Между тем почти одновременно Окуджава пишет еще одно военное сочинение – «Батальное полотно» (1973), которого мы уже бегло касались, говоря о конфликте (вполне осознанном) музыки и текста в лучших его сочинениях. «Батальное полотно» – одна из самых известных его песен, но не все помнят, что в первом варианте были четыре последние строчки, впоследствии отброшенные:
Сумерки погасли. Флейта вдруг умолкла. Потускнели краски. Медленно и чинно входят в ночь, как в море, кивера и каски. Не видать, кто главный, кто слуга, кто барин, из дворца ль, из хаты, все они солдаты, вечностью богаты, бедны ли, богаты.
Окуджава ни разу не спел их, но иногда читал на концертах – пока у песни еще не было музыки, появившейся позже (Эйдельман летом записал в дневник, что Окуджава прочел ему эти стихи и намеревался посвятить, а в качестве песни «Полотно» исполнялось с 1975 года). Эти строчки окончательно проясняют контраст, на котором все держится. Что все они, от императора до генералов, входят в ночь – понятно; контраст как раз в том, что входят «медленно и чинно», с полным сохранением парадного порядка. Это подспудное настроение – стройный порядок, спускающийся в хаос, парад, сходящий в ад, – вышло затем на поверхность в двух песнях Михаила Щербакова, которого сам Окуджава считал наиболее талантливым представителем авторской песни в восьмидесятые-девяностые (и в этом с ним нельзя не согласиться). Сам Щербаков отрицает сознательную аллюзию на «Батальное полотно», но не исключает внутренней, подсознательной связи обоих текстов с окуджавовским первоисточником. Рассмотрим обе эти вариации, написанные на одну, в сущности, тему: парадный спуск в ад. Тем более что первая из них («О том и речь», 1990) содержит прямую отсылку к финальной строфе «Батального полотна»: «Мы солдаты».

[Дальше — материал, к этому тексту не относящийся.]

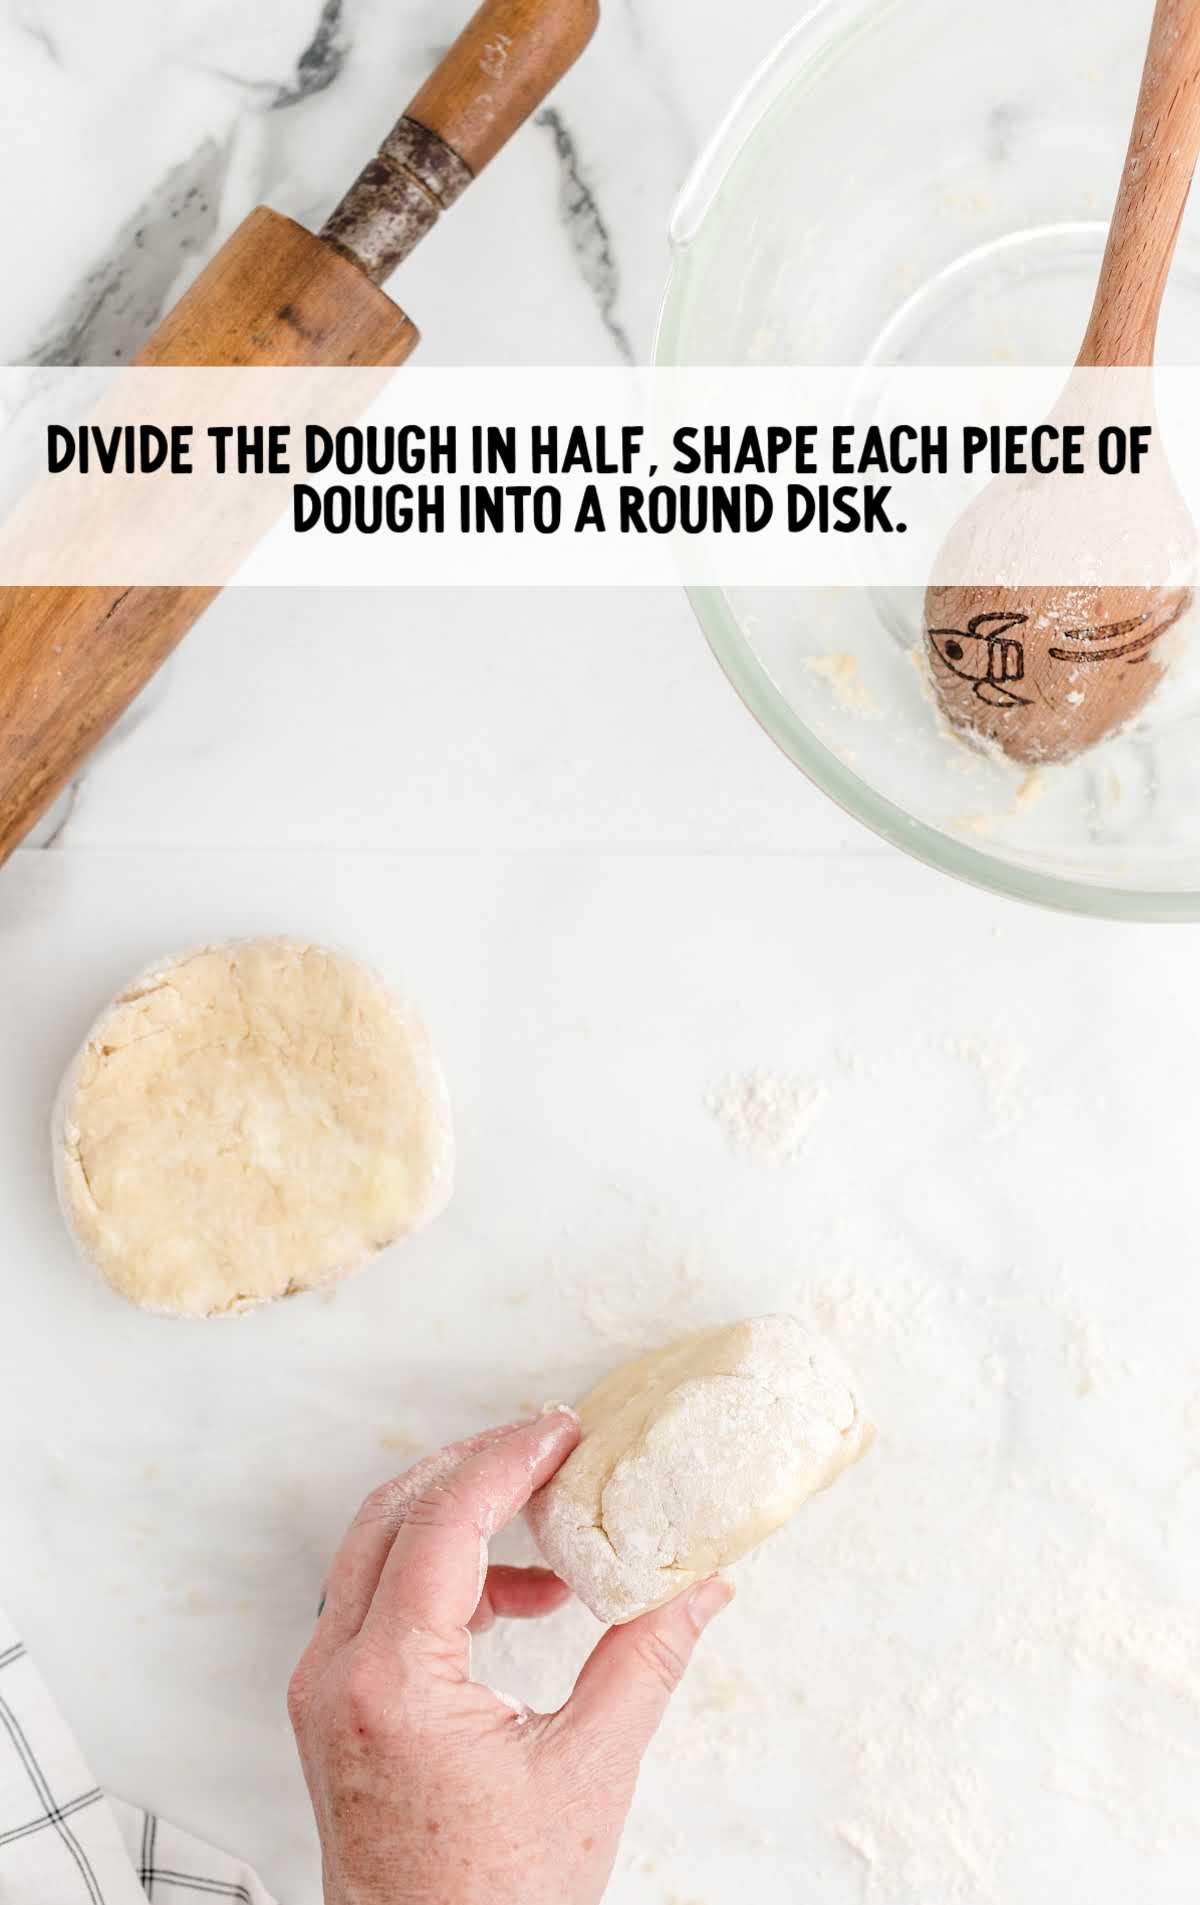 dough divided into half and shaped into a round disk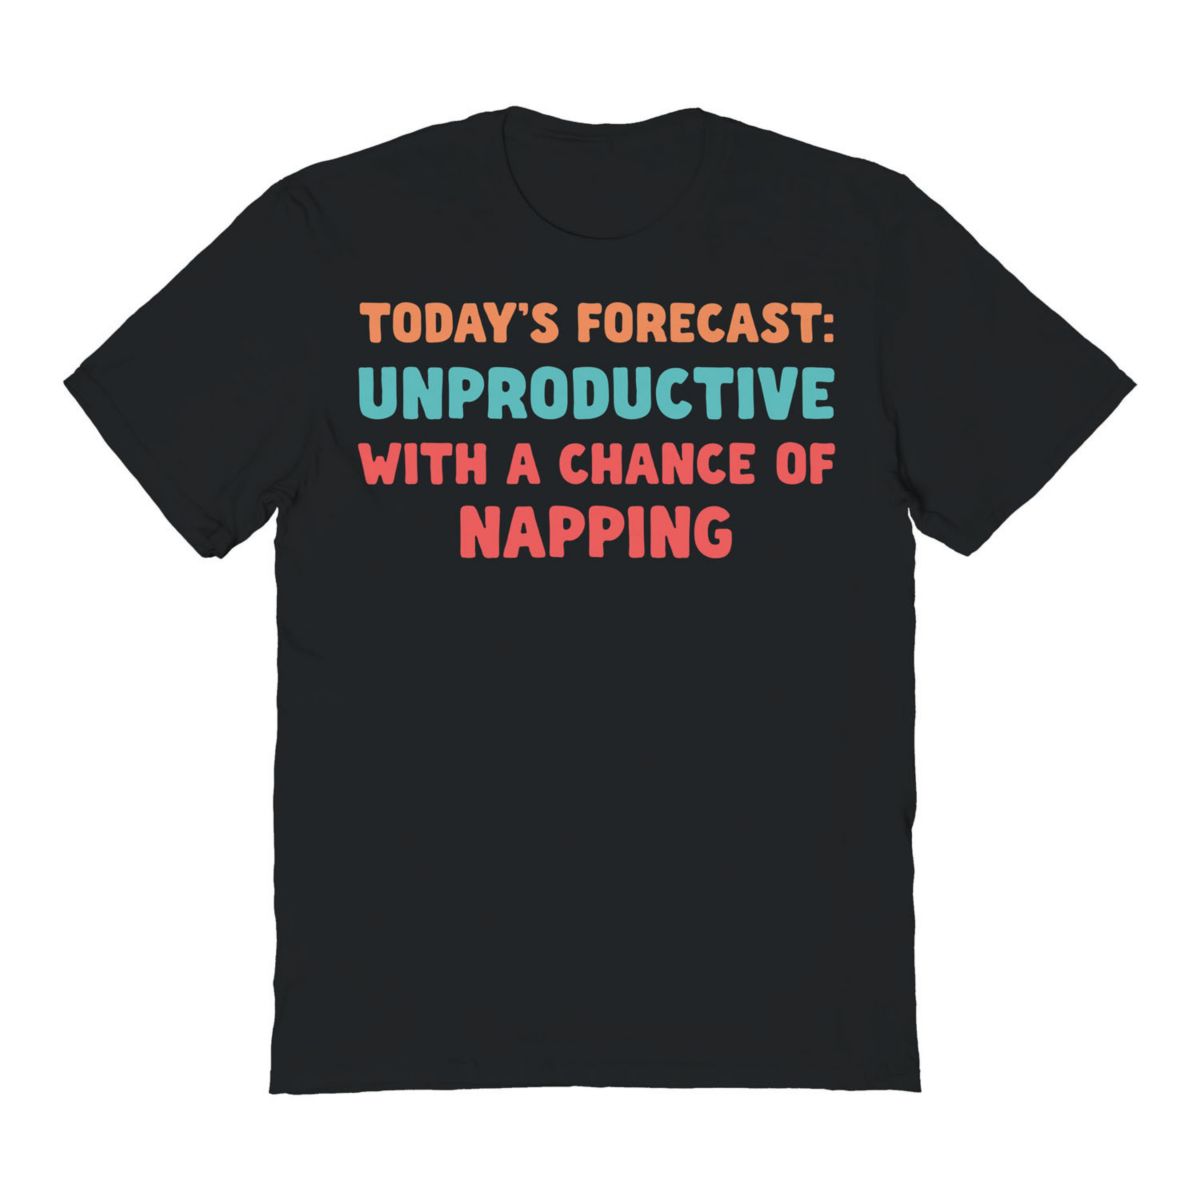 Men's COLAB89 by Threadless Todays Forecast Unproductive With Nap Graphic Tee COLAB89 by Threadless

О том и речь, что мгла и тишина речам не помеха.
Простор открыт, и можно толковать о нем бескорыстно.
Но паче слов, ясней, чем голоса, слышны в эту пору
крыла богинь, резцы нетопырей, шаги пехотинцев…
Бродячий цирк уныло пересек черту городскую
и едет прочь, вполголоса сквозь сон браня бездорожье.
Для колеса – верста равна версте, ему всё едино:
пески, селенья, горы, города, леса, водопады…
Ничто, ничто не сгинет без следа, никто не исчезнет.
Спустя века всех вычислит и воссоздаст реставратор.
Всему, всему отважный архивист вернет цвет и образ,
дела учтет и лица восстановит все. Кроме наших.
Здесь трагедия усугубляется тем, что – «ничто не сгинет без следа», кроме главных героев, от лица которых и произносится весь этот тревожный монолог. Память остается от всех, кроме солдат, стройными рядами, в безупречном походном порядке исчезающих в небытии. Бессмертны все, кроме тех, кто обречен на бесследную и беспамятную гибель с самого начала: от солдата не остается ни дворца, ни мавзолея, ни статуи, ни предания. В лучшем случае – батальное полотно (в песне Щербакова, впрочем, отброшена и эта надежда: если у Окуджавы герои только «входят в ночь», то в позднейшей песне они уже движутся в ночи, в которой по определению нет соглядатая; у Окуджавы они «вечностью богаты», у Щербакова – вечностью отвергнуты). Еще наглядней эта же картина в песне, написанной в том же 1990 году, – «Descensus ad inferos» («Сошествие во ад»):
Вот изобретенная не мною и не мне
принадлежащая, цветная и наглядная вполне —
как пасть вампира —
картина мира.
В центре композиции, меся дорожный прах,
босая девочка идет туда, где тонут в облаках
огня и смрада
ворота ада.
Смутны и круглы, как у закланного тельца,
ее глаза – и портят несколько монгольский тип лица,
в чем азиаты
не виноваты.
Десять крокодилов, двадцать гарпий, тридцать змей
и сорок ящериц унылой свитой тянутся за ней
в порядке строгом
по всем дорогам.
Ужас неизбежной кары, страх пяти секунд
перед концом – известен даже этим монстрам, что текут
за нею следом.
А ей – неведом.
…Тут бы полагалось мне промолвить что-нибудь
на тему высшей справедливости, однако увильнуть
от главной темы
умеем все мы.
Все мы, находясь по эту сторону стекла, —
лишь наблюдатели, не больше. Я из общего числа
не выпадаю,
я наблюдаю…
Здесь параллель усиливается тем, что автор, как и Окуджава, описывает картину – правда, в отличие от Окуджавы, вполне конкретную (фрагмент «Страшного суда» Босха, хотя и домысливая детали). Сходство заключается в том, что «картина мира», как она увиделась Щербакову, в 1990 году в самом деле была удивительно наглядна – правда, к воротам ада в порядке строгом двигался уже не император со свитой, а крокодилы и гарпии (заметим, однако, что слово «свита» появляется и здесь). Правду сказать, спускающаяся в ад свита выглядела в 1990 году скорей по-щербаковски, нежели по-окуджавовски. Парад спускался в ад, империя уходила в небытие, и сказать что-нибудь по поводу высшей справедливости было в самом деле невозможно – все это было справедливо, конечно, но совершенно безрадостно. Сказать «так им и надо» легче всего, но ведь девочке приходится идти туда с ними и во главе их – тут уж вполне по-блоковски: «Есть одно, что в ней скончалось безвозвратно, но нельзя его оплакать и нельзя его почтить»: вместе с этим унылым строем, простите за двусмысленность, гибнет и то единственное, что его оправдывало.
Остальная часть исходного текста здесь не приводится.